Time window behavior
- Token limits reset after the configured
resetTimeWindowSeconds - The reset timer starts when the first request is processed
- When a time window expires, both prompt and completion token counters reset to their configured limits
Default throttling response
When whenLimitExceeded is set to Throttle, the plugin returns a standard OpenAI-compatible error response:
{
"error": {
"message": "You exceeded your current quota, please check your plan and billing details.",
"type": "insufficient_quota",
"param": null,
"code": "insufficient_quota"
}
}
The response includes:
- HTTP status code:
429 Too Many Requests retry-afterheader with seconds until token limits reset- CORS headers when the original request includes an
Originheader
Use cases
The LanguageModelRateLimitingPlugin is useful for:
- Testing token-based rate limiting: Simulate how your application behaves when language model providers enforce token quotas
- Development cost simulation: Understand token consumption patterns during development before hitting real API limits
- Resilience testing: Verify that your application properly handles token limit errors and implements appropriate retry logic
- Local LLM testing: Test token limiting scenarios with local language models (like Ollama) that don't enforce their own limits
Example scenarios
Scenario 1: Basic token limiting
{
"languageModelRateLimitingPlugin": {
"promptTokenLimit": 1000,
"completionTokenLimit": 500,
"resetTimeWindowSeconds": 300
}
}
This configuration allows up to 1,000 prompt tokens and 500 completion tokens within a 5-minute window.

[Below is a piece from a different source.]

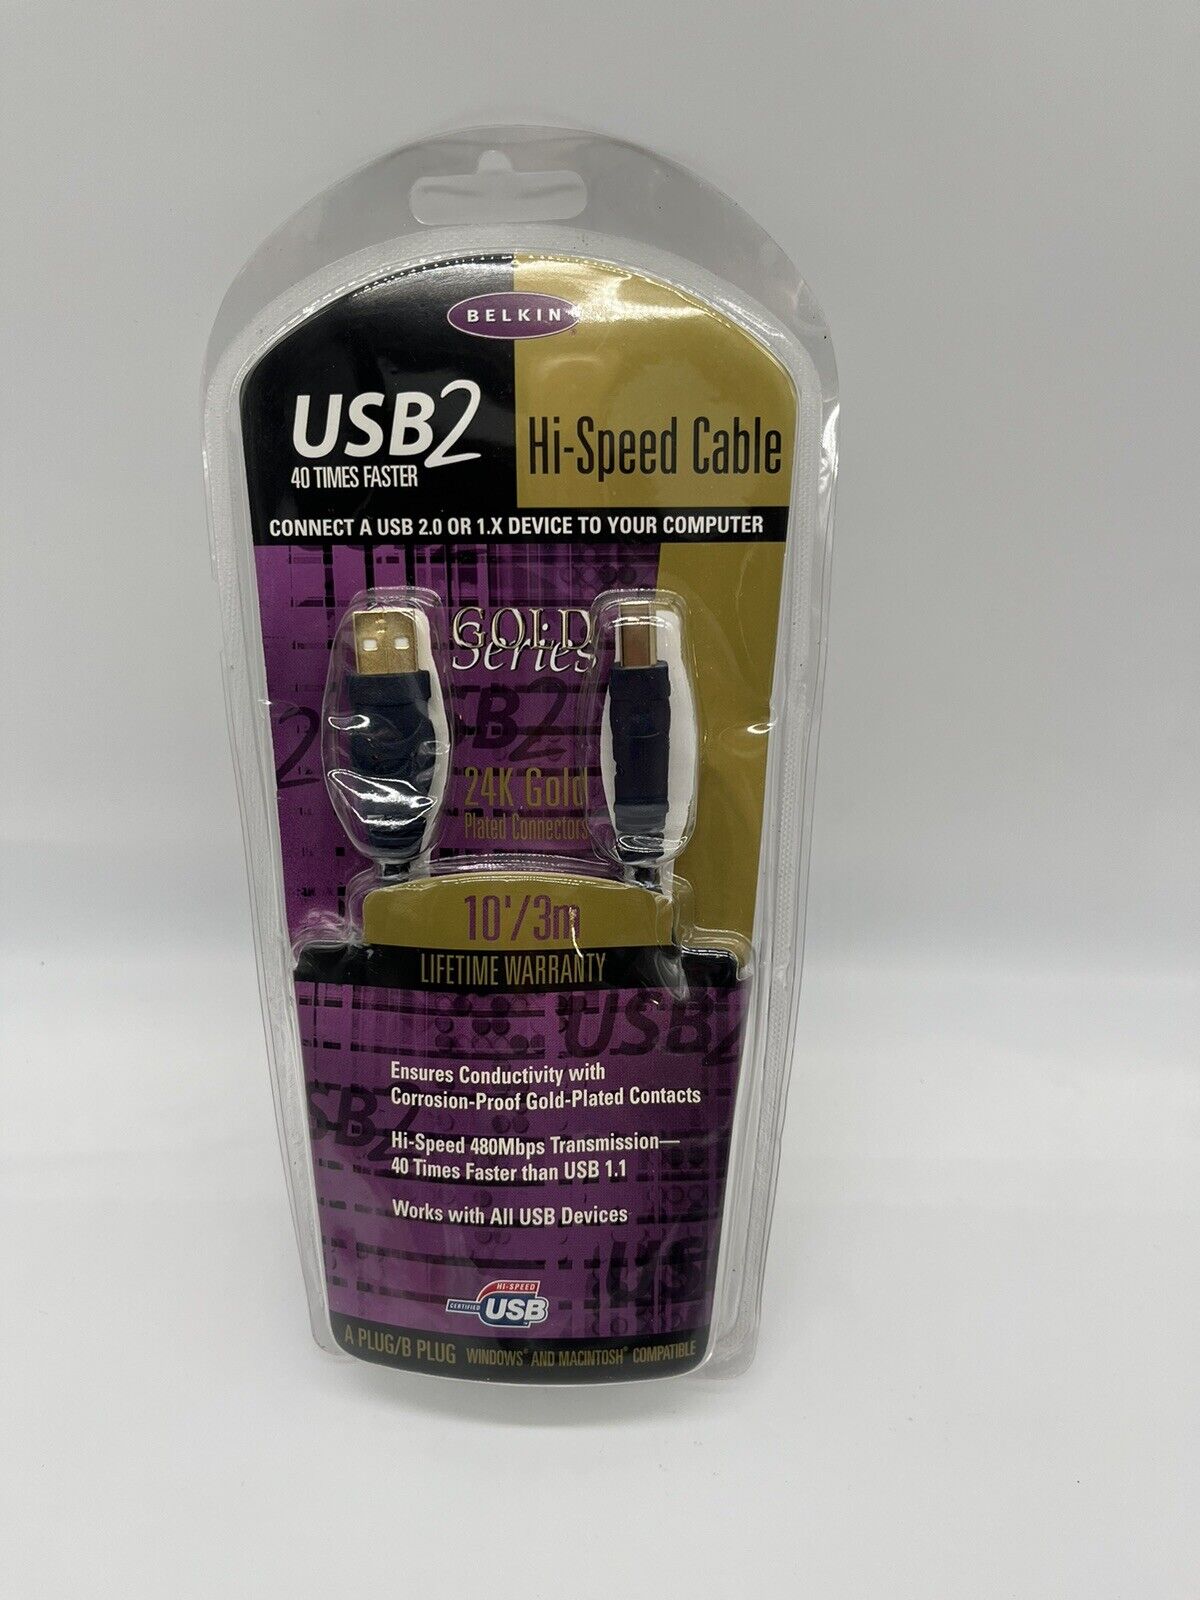 New Belkin Gold Series High-Speed USB 2.0 Cable, 6ft. Black

Scenario 2: Custom error responses
{
"languageModelRateLimitingPlugin": {
"promptTokenLimit": 2000,
"completionTokenLimit": 1000,
"resetTimeWindowSeconds": 60,
"whenLimitExceeded": "Custom",
"customResponseFile": "custom-token-error.json"
}
}
This configuration uses a custom response file to provide specialized error messages when token limits are exceeded.